Danny Pansters danny at ricin.com
Wed Mar 3 15:50:57 PST 2004


(enough CCing, back to list only)

On Wednesday 03 March 2004 22:36, Matthew Seaman wrote:
> On Wed, Mar 03, 2004 at 10:26:43PM +0100, Stefan Cars wrote:
> > Okey, but if you would compare RAID-1 on two disks compared to RAID-5 on
> > three disks then ? What would be the faster ?
>
> RAID1 is going to be faster, both reading and writing, but it will
> take a lot more raw disk space to provide the required usable space.

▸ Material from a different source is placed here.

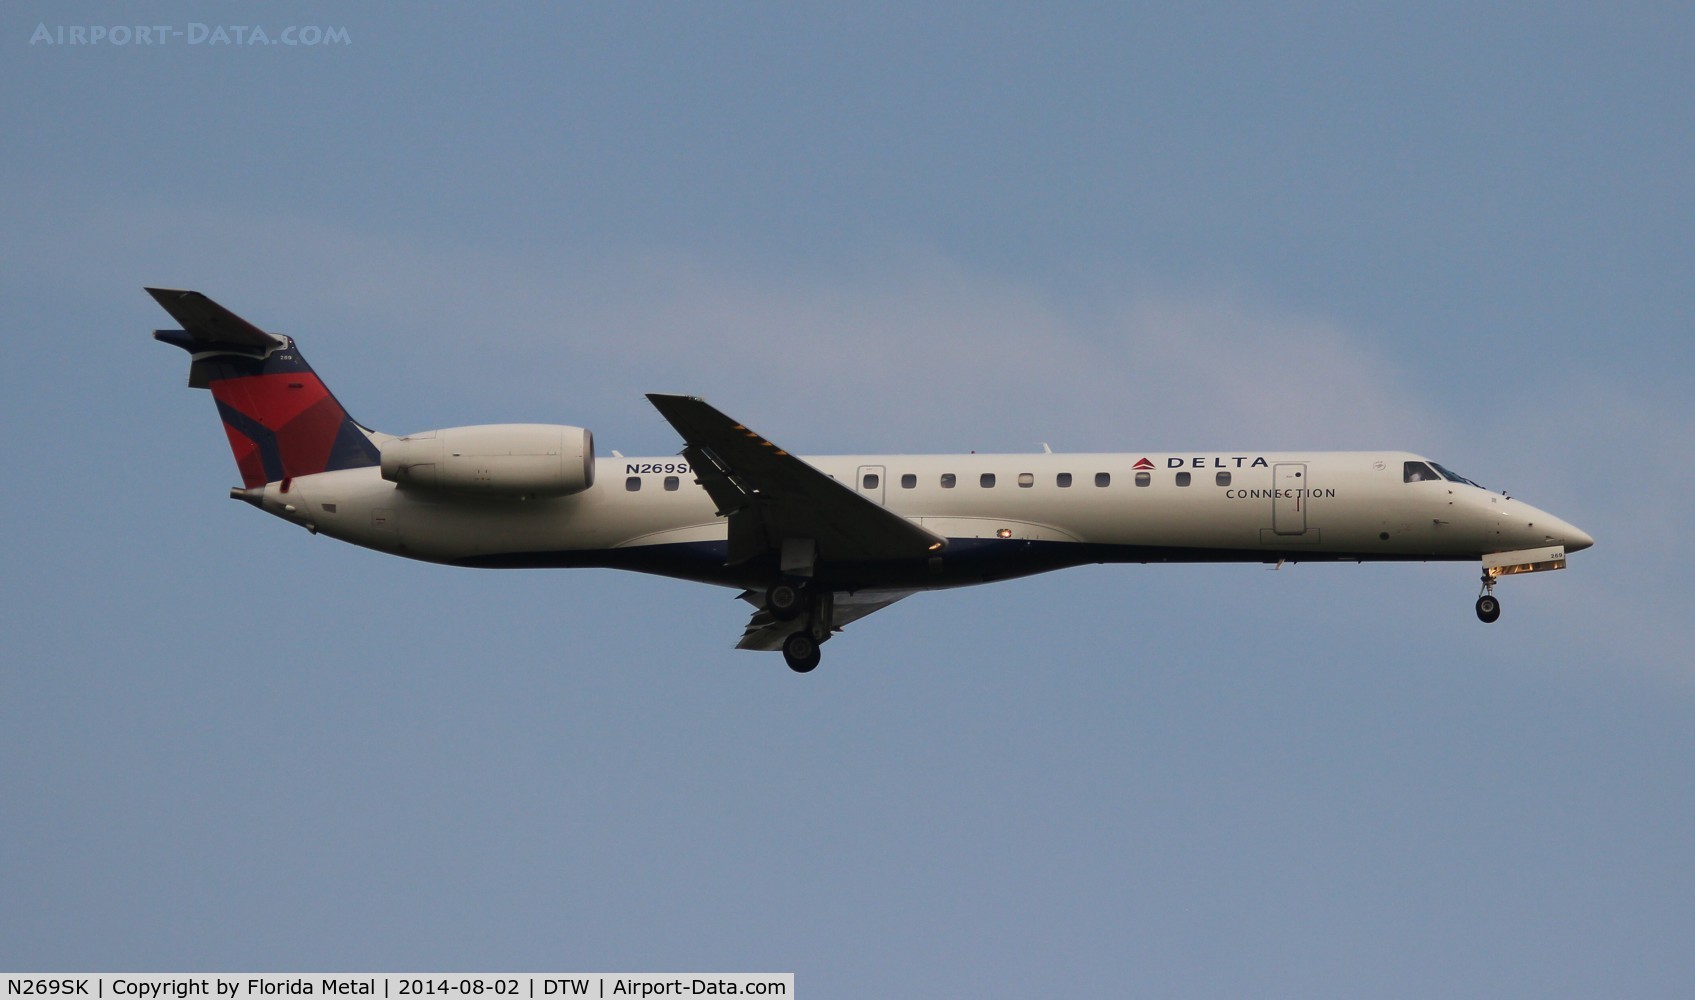 N269SK, 2000 Embraer EMB-145LR C/N 145293, Delta Connection

No, it would require 2 identical disks, whereas RAID5 with 3 disks would 
require 3 of those disks ;-) 

Physical disks are your unit of failure or of resilliance if you like. That's 
why you need 5+ drives for RAID5 to be any real fun. You want your data to be 
present at least twice on different physical drives. You want the same for 
your parity info. The mere fact that you stripe everything out with RAID5 
doesn't change your physical unit which is one disk. Resilliance means: what 
happens if a random drive fails. RAID5 on 3 disks defeats the purpose of 
RAID5 IMHO. Theoretically the more drives, the better RAID5 gets, so that 
might say something about Veritas if they warned against using more than 7 
drives. Perhaps grog can be the final referee here, not my turf ;-)

Having said that I don't have a RAID5, but I would recommend OP to use RAID1 
and use the 3rd drive as a (semi) hot spare for extra sleep security and less 
spending. It's much more interesting if you can (un)plug a spare on the fly 
BTW.

I just kinda fell back into the developed thread, hope you don't mind me 
adding a general remark: One doesn't do RAID to increase performance. Period. 
If budget is no problem, buy spare boxen and use them "secondary", always 
nominated to become "primary" at any time. That's better insurance against 
(any) hardware failure than mere RAID can ever be IMHO.